- Top of page
- Materials and Methods
- Supporting Information
Manipulative experiments designed to characterize how environmental factors such as temperature, light or resource availability affect evolution almost always focus on the direct effects of the manipulation. This is particularly true of studies conducted in controlled environments such as chemostats, mesocosms, growth chambers and glasshouses in which the environment is much simpler than the conditions most organisms experience in nature. Study of direct effects can be powerful for identifying selective agents and for elucidating the genetic basis of phenotypic variation. However, exclusive focus on direct effects may be misleading if the goal of the research is to predict evolutionary responses in natural environments. In this case, partitioning direct effects from indirect effects that result when the environment affects species interactions provides much greater insight into selective agents and the genetic constraints that influence evolutionary responses to environmental change.
Ecological indirect effects may be particularly important for understanding how environmental changes that affect the resource environment influence plant evolution. Changes in resource supply, including CO2, can alter the outcome of competitive interactions (Tilman, 1977; Brooker, 2006; Harpole & Tilman, 2006, 2007; Reich, 2009), and competition can be an important selective agent (Miller, 1995; Shaw et al., 1995; Dorn et al., 2000; Stanton et al., 2004). Therefore, many of the ecological and evolutionary effects of changes in resource availability that have occurred since the Industrial Revolution may have come about through indirect pathways mediated by competitors rather than through direct effects. For example, elevated atmospheric CO2 concentrations (eCO2) typically increase plant growth directly by increasing carbon supply, but because taxa differ in magnitude of CO2 response (reviewed in Poorter & Navas, 2003), some species may respond negatively to eCO2 because of increased competition from species that benefit most from eCO2 (reviewed in Brooker, 2006).

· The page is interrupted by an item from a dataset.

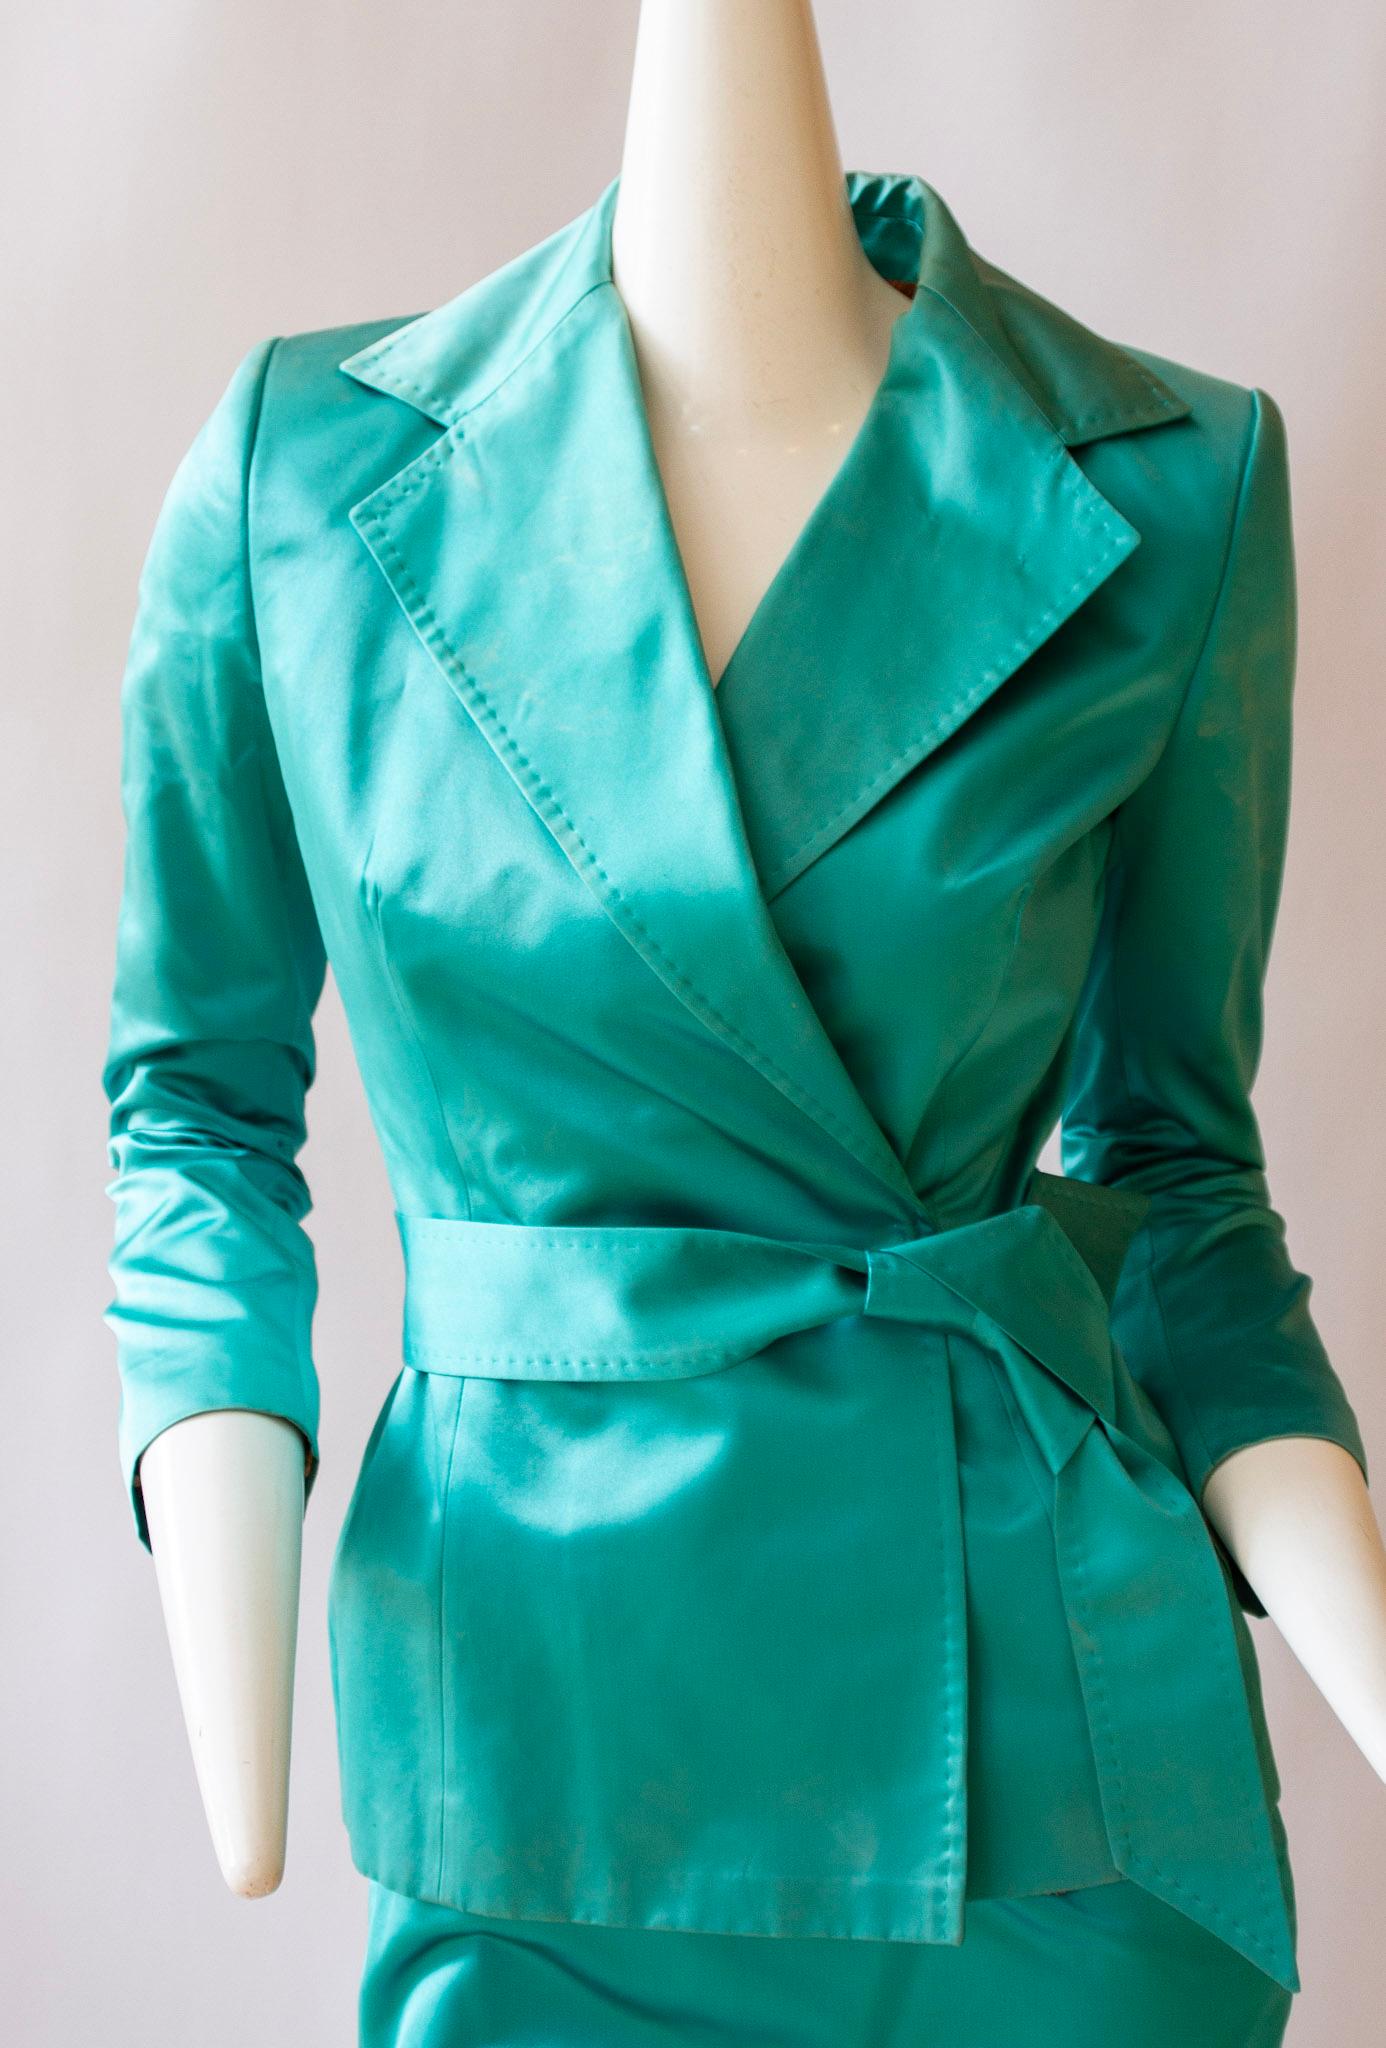 Dolce & Gabbana, Two Piece 100% Silk Turquoise Skirt Suit Ensemble  In Excellent Condition For Sale In Kingston, NY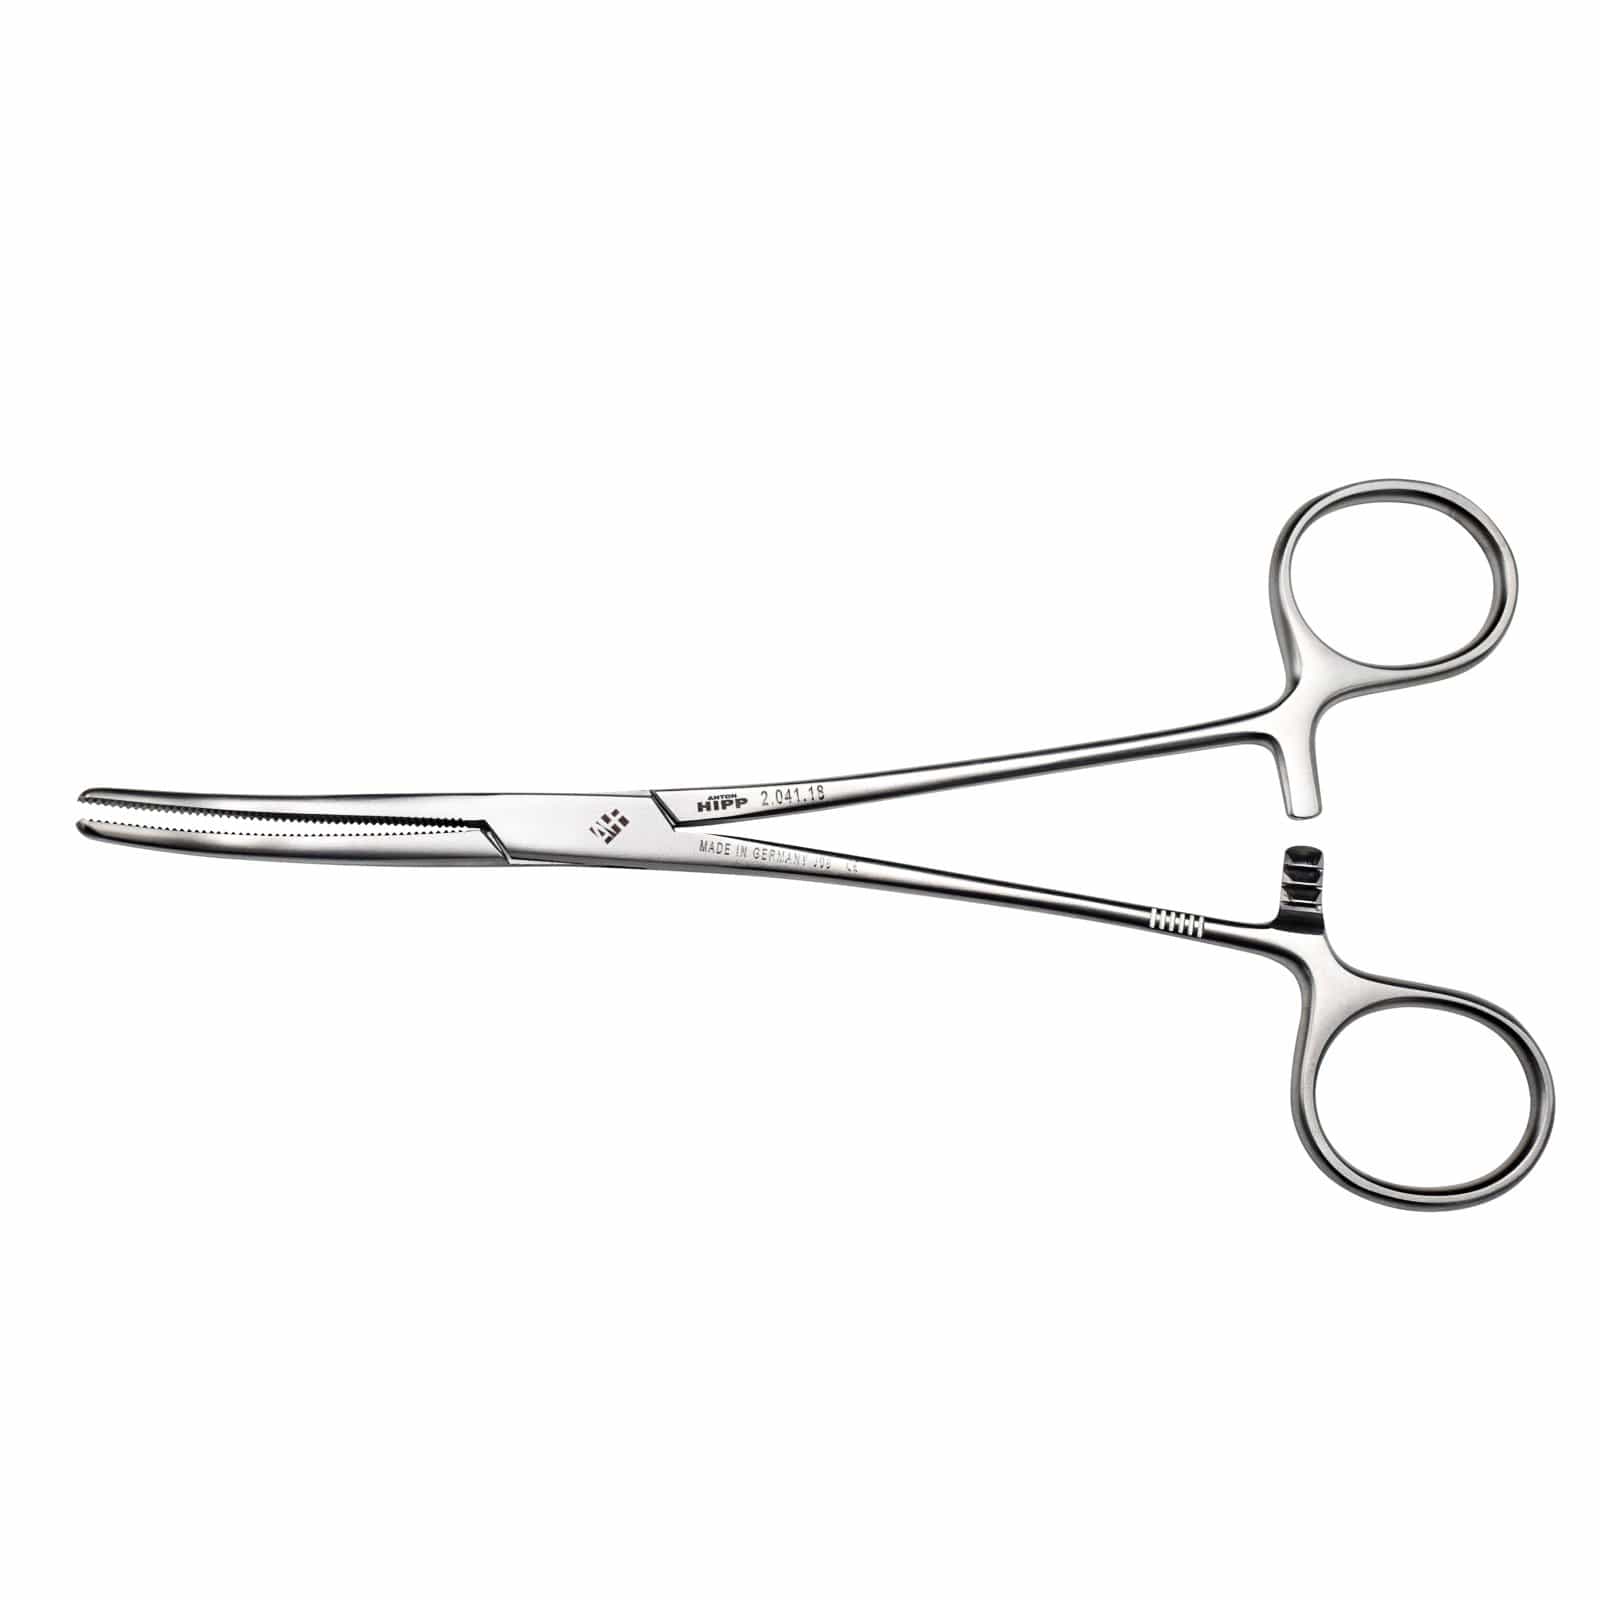 Hipp Surgical Instruments 18cm / Curved Hipp Crile Artery Forceps

The increase in atmospheric CO2 concentration is one of the most globally extensive and rapid anthropogenic environmental changes, and many studies have demonstrated large effects of eCO2 on plant physiology, plant growth and reproduction, community structure and ecosystem functions (Bazzaz, 1990; Poorter & Navas, 2003; Niklaus & Körner, 2004; Reich et al., 2006; van Groenigen et al., 2011). The evolutionary consequences of eCO2 also have received attention. In contrast to the strong ecological effects of CO2, however, many evolutionary effects of CO2 are weak in magnitude (reviewed in Leakey & Lau, 2012). For example, many studies fail to detect genotype × eCO2 interactions (Zhang & Lechowicz, 1995; Luscher et al., 1998; Volk & Körner, 2001; Veteli et al., 2002; Wieneke et al., 2004), suggesting that genotypes may commonly respond in similar ways to rising CO2 concentrations and that predicted future eCO2 concentrations will not change either the rate of evolutionary change or which genotypes are favored by natural selection. Similarly, to our knowledge, no studies have documented adaptation to eCO2 even though experimental evolution approaches have detected genetic differences in plant traits between populations that have evolved under ambient vs elevated CO2 (Potvin & Tousignant, 1996) and even evidence for adaptation to subambient CO2 concentrations (Ward et al., 2000; Collins & Bell, 2004). Most tests of the evolutionary effects of eCO2, however, have been conducted in simplistic growing environments where indirect effects resulting from altered species interactions cannot contribute to evolutionary responses.
In previous studies, we detected little evidence that eCO2 alters patterns of selection or expected responses to selection in Arabidopsis thaliana populations grown in the absence of competition (Lau et al., 2007); however, other studies using similar approaches have found some evidence that eCO2 alters patterns of natural selection and/or heritabilities when individuals are grown in competitive environments (Bazzaz et al., 1995; Steinger et al., 2007; Lau et al., 2010). The differences across studies suggest that eCO2 may have minimal direct effects on evolutionary processes, but potentially, larger indirect effects that result from eCO2 altering interactions with other community members that are strong selective agents.
Here, we report on an experiment designed to characterize potential competitor-mediated indirect effects of increased atmospheric CO2 concentration on the predicted evolution of experimental Arabidopsis thaliana populations. We investigated how eCO2 affects interactions with competitors to alter: plant fitness; the expression of genetic variation (heritability); genetic trade-offs that can constrain or facilitate evolutionary responses; and natural selection on ecologically relevant plant traits. This study expands on previous work by our group that showed a surprising lack of direct effects of eCO2 on predicted A. thaliana evolution (Lau et al., 2007) and work that demonstrated that eCO2 alters the effects of competition on A. thaliana fitness and selection on A. thaliana traits (Lau et al., 2010). The rigorous quantitative genetics approach and large number of genotypes used in the current study, combined with experimental manipulation of both CO2 and competitive environment, directly investigates the potential for competitor-mediated indirect effects of eCO2 on all three components determining evolutionary responses: patterns of natural selection, heritabilities and genetic covariances.